*** Opening of Recorded information ***

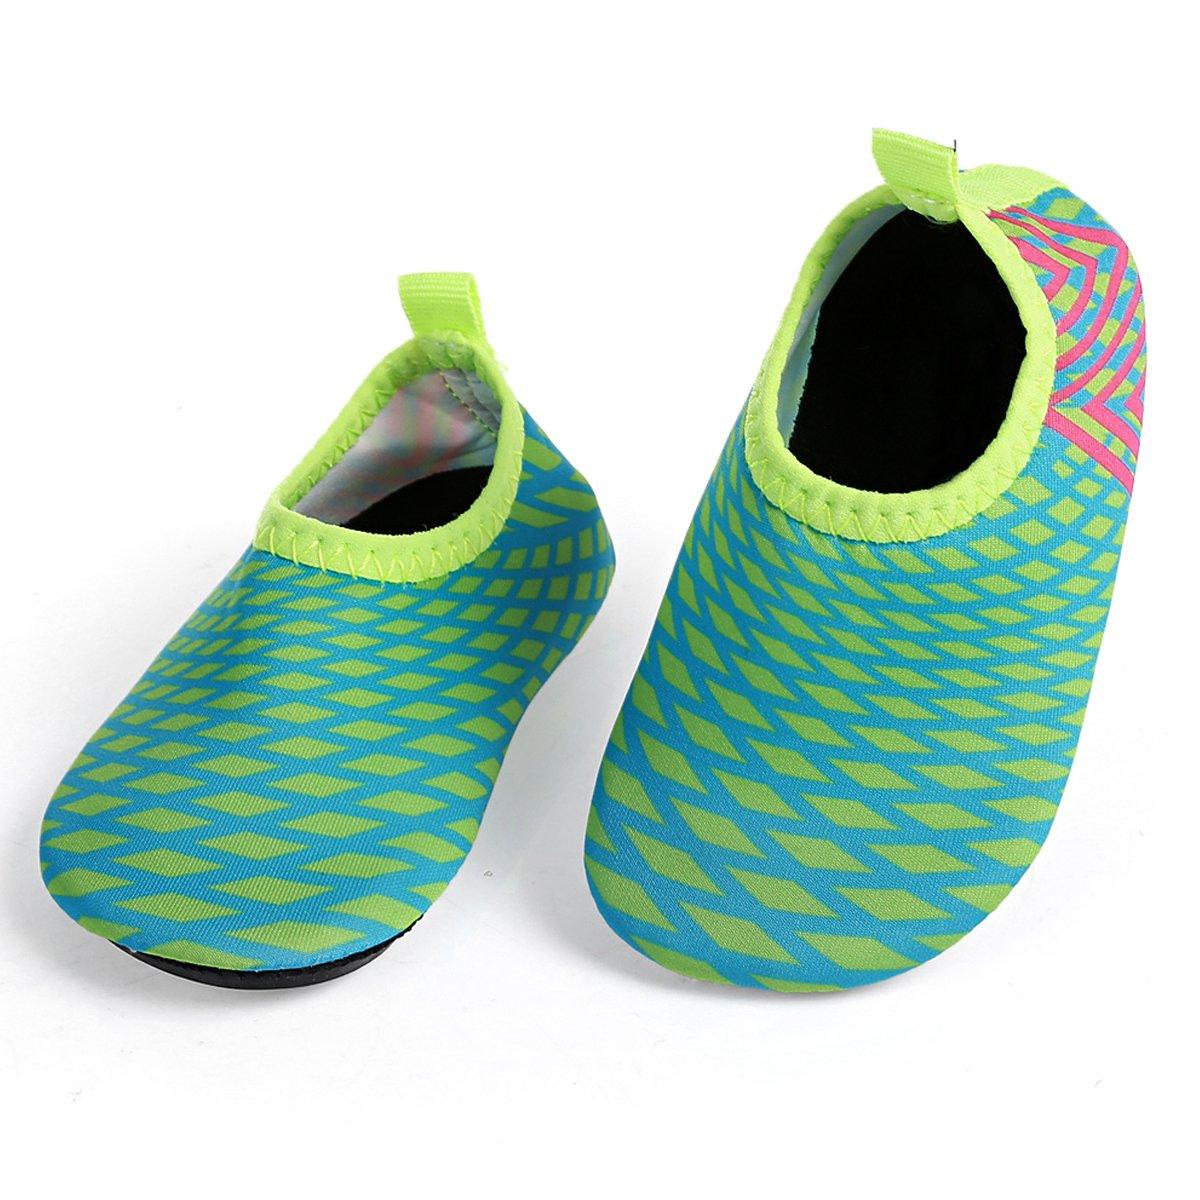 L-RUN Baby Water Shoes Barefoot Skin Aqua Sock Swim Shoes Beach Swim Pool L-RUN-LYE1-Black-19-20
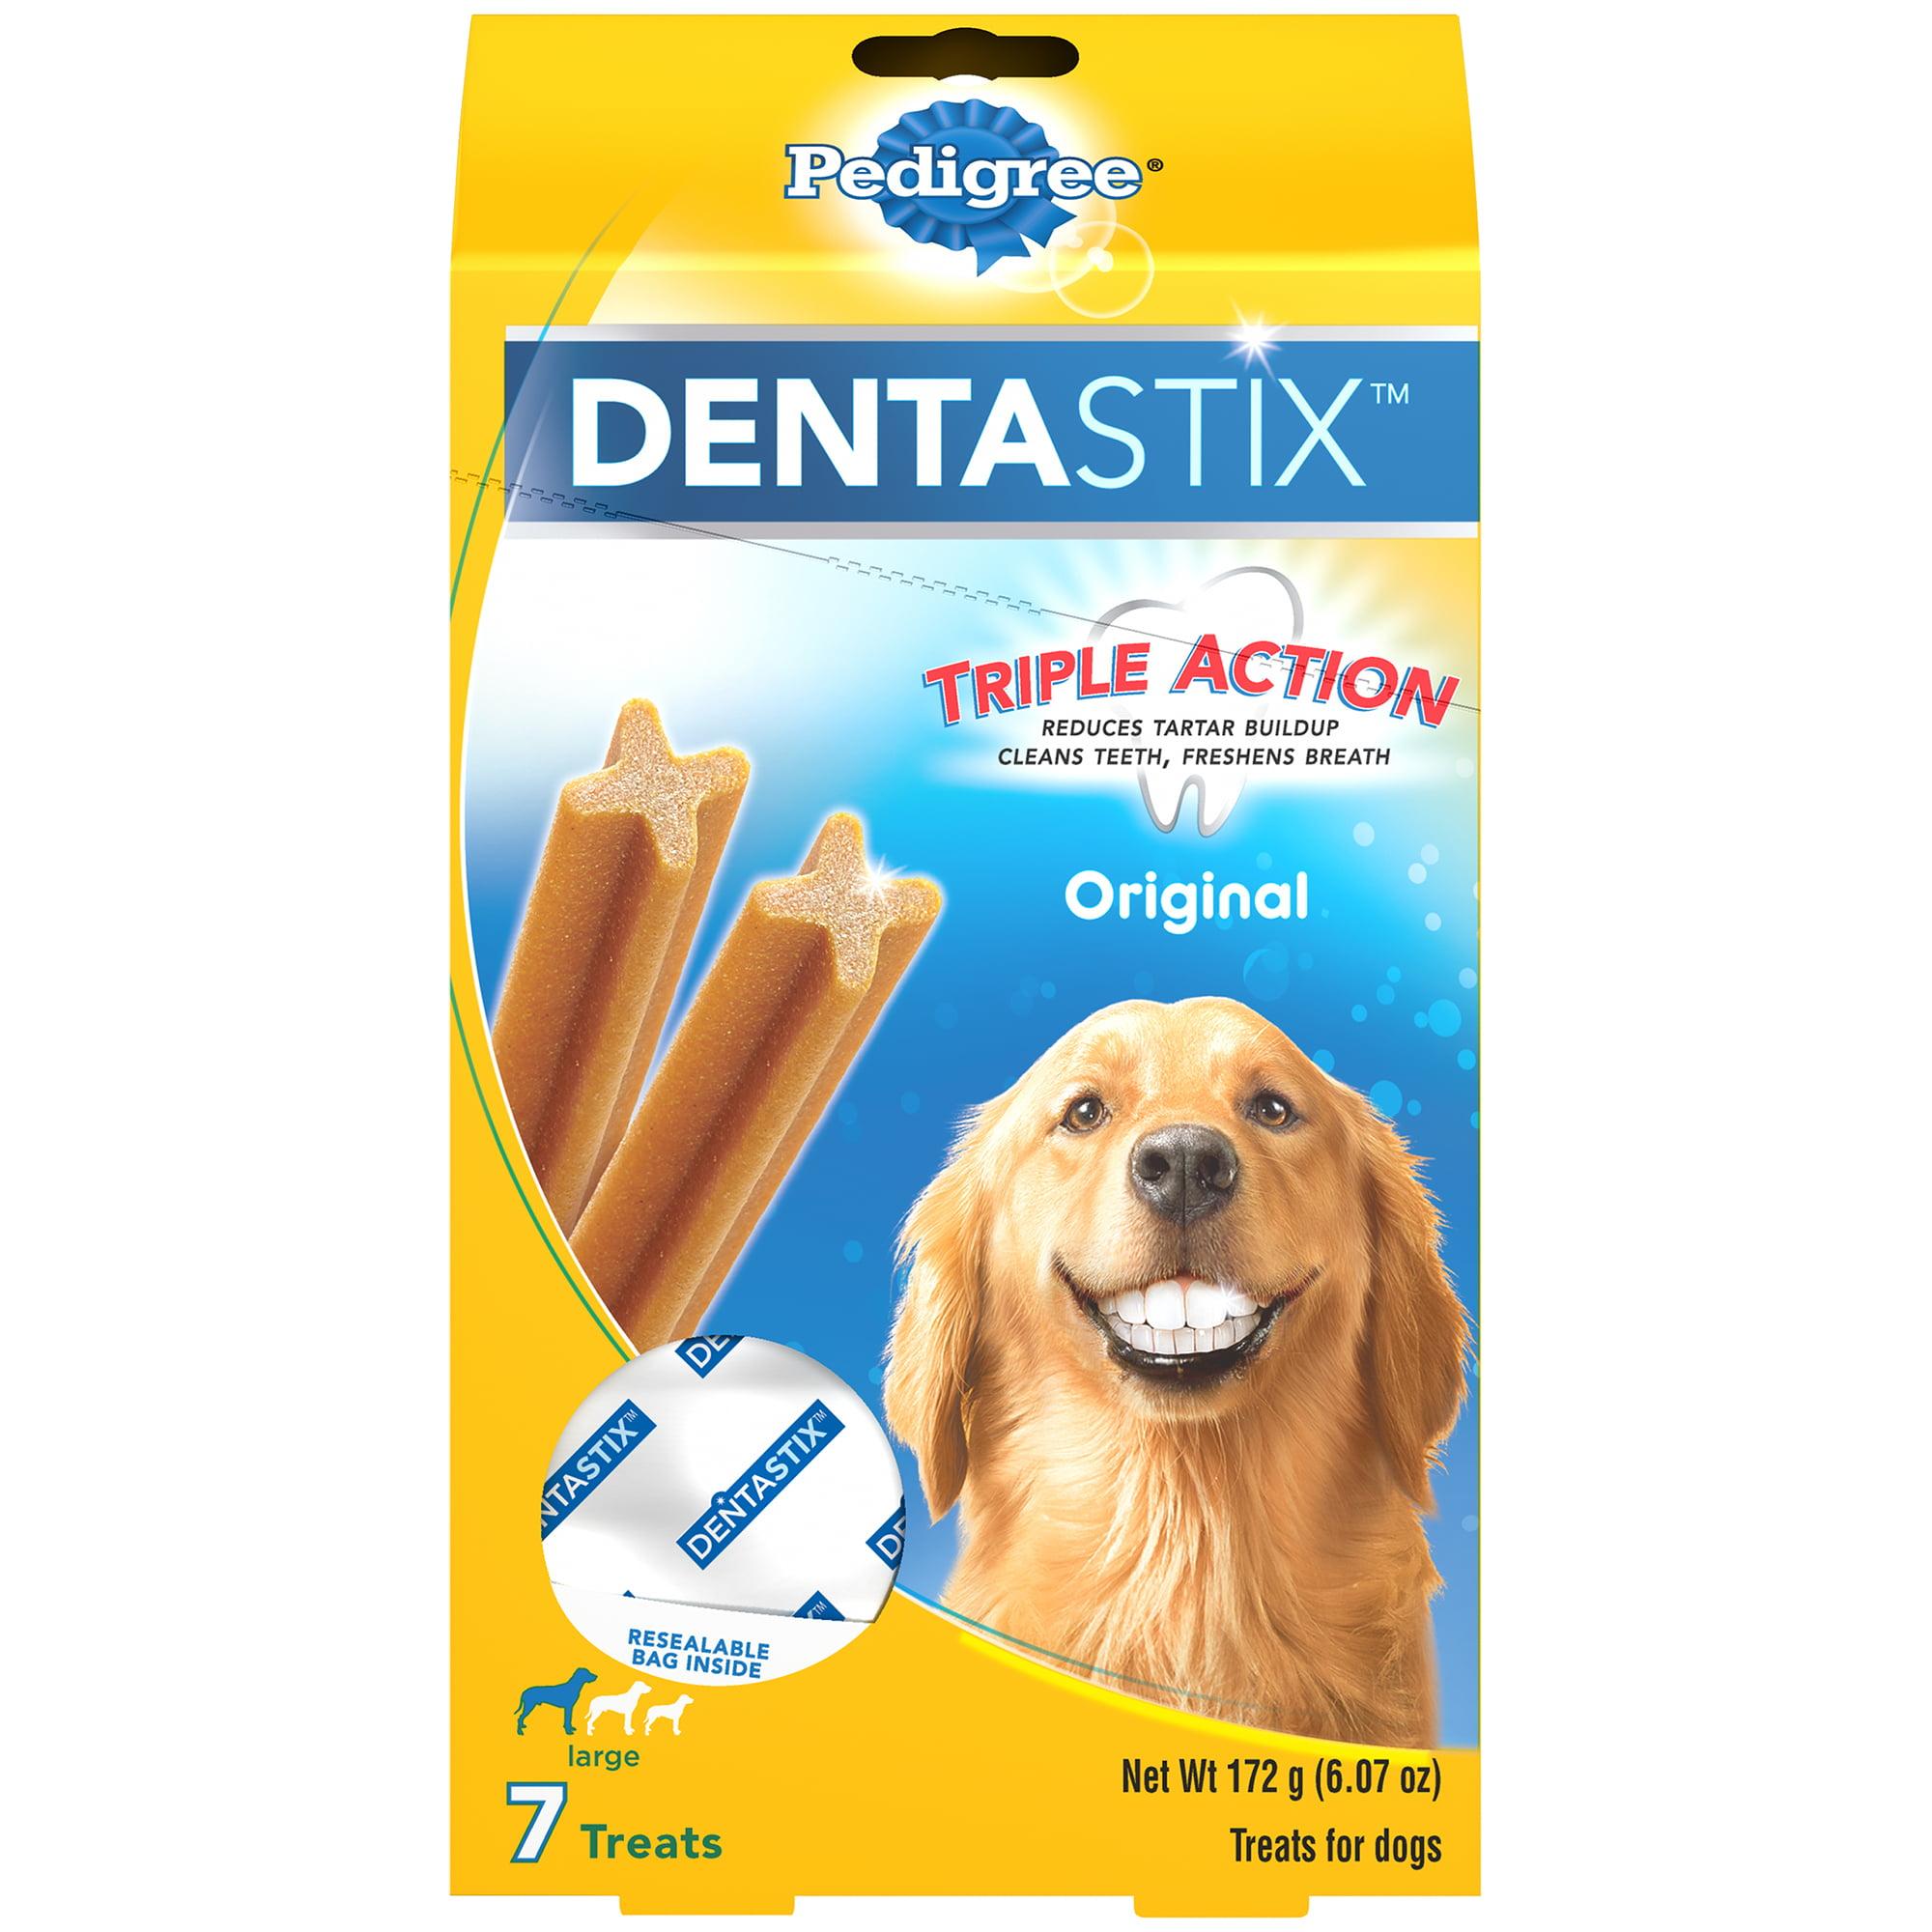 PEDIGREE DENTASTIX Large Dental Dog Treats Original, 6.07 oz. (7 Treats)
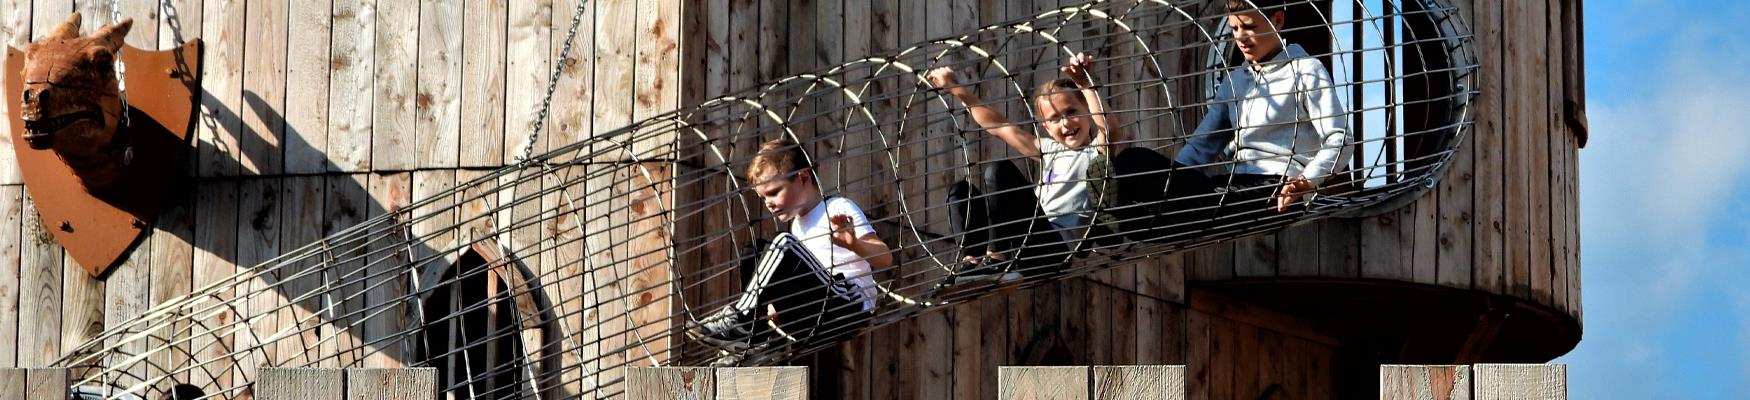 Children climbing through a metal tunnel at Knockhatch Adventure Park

*** Close of Recorded information ***

_How to complete this task:_
Pictures do not go in the copy. Write out exactly the lines from the line containing "PEDIGREE DENTASTIX Large" through the last line of the listing.

_Written response:_
 PEDIGREE DENTASTIX Large Dental Dog Treats Original, 6.07 oz. (7 Treats)
 Children climbing through a metal tunnel at Knockhatch Adventure Park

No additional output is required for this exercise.